[Dataset excerpts]
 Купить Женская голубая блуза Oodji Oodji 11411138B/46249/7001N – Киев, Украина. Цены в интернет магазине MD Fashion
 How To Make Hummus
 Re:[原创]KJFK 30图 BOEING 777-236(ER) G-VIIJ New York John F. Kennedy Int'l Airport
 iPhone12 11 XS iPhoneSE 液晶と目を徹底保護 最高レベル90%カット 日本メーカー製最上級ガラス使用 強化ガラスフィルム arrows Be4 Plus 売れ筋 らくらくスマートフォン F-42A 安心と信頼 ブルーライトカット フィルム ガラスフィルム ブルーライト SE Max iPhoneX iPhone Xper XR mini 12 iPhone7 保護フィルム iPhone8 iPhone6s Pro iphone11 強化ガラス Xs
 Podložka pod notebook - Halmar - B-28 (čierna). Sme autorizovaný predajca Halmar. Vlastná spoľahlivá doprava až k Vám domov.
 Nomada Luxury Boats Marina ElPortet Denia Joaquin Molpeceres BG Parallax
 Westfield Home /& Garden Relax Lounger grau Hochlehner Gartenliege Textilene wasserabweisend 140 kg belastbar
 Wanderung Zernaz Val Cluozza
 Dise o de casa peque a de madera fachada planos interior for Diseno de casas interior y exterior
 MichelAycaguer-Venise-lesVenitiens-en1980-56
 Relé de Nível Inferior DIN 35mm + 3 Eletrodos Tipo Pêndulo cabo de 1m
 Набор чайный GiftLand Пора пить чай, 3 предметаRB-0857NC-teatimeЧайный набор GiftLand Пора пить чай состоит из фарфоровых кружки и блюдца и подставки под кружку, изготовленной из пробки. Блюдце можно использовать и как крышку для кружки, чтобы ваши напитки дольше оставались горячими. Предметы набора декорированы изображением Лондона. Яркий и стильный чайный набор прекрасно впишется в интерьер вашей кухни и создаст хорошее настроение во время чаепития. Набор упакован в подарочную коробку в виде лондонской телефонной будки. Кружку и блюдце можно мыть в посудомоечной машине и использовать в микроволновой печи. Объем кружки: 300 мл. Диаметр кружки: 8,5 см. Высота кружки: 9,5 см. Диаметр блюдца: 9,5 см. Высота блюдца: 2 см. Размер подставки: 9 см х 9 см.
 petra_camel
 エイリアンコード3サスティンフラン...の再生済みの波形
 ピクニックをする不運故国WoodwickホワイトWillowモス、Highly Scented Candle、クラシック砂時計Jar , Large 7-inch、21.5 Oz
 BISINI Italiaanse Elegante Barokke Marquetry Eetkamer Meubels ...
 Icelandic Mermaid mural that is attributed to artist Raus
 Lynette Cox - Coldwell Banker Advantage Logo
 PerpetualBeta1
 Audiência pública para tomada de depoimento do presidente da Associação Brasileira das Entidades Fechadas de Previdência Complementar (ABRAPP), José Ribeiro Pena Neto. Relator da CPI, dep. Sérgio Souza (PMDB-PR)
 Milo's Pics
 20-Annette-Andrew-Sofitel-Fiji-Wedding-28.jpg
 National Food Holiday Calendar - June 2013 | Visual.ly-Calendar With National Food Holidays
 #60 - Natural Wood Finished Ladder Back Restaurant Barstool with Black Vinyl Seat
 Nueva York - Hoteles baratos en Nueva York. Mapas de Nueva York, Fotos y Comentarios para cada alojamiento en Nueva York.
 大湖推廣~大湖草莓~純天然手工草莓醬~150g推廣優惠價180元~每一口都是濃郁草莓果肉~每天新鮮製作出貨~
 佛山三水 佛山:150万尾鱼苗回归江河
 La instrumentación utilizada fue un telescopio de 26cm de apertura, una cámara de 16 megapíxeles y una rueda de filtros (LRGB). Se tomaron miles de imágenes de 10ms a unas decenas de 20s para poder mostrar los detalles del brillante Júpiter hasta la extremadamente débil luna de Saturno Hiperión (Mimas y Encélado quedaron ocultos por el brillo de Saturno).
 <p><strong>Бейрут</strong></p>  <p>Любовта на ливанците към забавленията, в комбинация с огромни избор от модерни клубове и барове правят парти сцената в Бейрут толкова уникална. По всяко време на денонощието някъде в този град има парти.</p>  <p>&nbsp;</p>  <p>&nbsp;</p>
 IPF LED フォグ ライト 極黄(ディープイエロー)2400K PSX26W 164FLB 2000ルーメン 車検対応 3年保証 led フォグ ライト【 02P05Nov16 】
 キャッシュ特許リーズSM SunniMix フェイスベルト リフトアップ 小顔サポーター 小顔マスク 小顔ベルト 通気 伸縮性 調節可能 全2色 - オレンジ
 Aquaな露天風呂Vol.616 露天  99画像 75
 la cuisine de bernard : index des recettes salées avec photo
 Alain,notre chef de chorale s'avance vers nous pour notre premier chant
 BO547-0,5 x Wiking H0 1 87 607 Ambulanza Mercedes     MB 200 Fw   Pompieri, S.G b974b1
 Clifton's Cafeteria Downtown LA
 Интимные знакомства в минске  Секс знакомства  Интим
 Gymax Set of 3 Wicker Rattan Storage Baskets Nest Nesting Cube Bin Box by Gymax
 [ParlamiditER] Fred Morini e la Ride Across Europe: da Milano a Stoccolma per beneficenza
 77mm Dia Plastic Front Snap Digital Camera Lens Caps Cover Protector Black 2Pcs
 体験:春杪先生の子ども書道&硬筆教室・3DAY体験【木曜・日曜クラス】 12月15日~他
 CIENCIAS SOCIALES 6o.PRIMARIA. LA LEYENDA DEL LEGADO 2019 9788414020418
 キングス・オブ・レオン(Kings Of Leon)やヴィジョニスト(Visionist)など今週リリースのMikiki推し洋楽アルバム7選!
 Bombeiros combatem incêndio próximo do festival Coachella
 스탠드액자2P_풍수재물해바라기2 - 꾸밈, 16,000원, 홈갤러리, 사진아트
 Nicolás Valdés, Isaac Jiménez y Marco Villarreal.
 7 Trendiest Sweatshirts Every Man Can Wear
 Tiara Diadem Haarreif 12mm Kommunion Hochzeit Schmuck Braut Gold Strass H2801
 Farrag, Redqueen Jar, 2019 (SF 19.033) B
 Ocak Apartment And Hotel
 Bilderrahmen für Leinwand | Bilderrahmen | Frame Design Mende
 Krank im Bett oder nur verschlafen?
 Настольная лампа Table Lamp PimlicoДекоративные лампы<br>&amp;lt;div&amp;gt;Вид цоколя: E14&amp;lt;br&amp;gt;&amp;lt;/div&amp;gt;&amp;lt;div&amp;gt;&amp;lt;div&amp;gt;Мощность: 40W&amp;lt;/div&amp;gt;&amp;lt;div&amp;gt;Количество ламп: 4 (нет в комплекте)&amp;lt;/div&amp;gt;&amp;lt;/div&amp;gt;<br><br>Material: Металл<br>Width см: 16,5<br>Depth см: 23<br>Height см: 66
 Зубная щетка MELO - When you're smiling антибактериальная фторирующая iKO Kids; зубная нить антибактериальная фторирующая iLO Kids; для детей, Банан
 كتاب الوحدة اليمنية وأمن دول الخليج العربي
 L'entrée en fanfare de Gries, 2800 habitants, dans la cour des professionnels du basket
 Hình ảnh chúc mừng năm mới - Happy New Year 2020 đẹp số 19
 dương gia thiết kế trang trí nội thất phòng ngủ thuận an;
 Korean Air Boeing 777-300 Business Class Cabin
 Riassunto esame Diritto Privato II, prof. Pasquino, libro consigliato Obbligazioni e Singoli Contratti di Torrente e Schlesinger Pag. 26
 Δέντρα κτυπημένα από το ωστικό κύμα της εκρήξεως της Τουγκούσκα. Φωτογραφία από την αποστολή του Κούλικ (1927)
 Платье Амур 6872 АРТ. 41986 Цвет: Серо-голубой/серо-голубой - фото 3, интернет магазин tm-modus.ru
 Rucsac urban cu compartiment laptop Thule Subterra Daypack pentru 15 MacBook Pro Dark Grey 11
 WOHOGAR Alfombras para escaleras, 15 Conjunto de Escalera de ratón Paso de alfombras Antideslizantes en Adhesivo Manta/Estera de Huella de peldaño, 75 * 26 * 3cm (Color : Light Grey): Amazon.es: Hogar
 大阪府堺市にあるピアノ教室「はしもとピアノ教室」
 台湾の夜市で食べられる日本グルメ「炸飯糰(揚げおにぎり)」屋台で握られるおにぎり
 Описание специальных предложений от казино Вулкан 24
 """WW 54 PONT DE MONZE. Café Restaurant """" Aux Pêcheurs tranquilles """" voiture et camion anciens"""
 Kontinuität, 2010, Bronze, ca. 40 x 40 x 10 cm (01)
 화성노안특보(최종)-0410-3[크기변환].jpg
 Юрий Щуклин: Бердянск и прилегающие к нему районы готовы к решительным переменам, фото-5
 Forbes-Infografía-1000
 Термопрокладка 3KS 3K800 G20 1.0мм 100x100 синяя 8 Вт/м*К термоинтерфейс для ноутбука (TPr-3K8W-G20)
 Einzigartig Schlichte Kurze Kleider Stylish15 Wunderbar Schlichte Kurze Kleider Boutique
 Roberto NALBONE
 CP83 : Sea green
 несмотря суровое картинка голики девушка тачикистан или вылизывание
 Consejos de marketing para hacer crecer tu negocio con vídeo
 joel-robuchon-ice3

> **Instructions to follow**: From the records given above, copy all lines containing "Restaurant".

> **The answer**:
 #60 - Natural Wood Finished Ladder Back Restaurant Barstool with Black Vinyl Seat
 """WW 54 PONT DE MONZE. Café Restaurant """" Aux Pêcheurs tranquilles """" voiture et camion anciens"""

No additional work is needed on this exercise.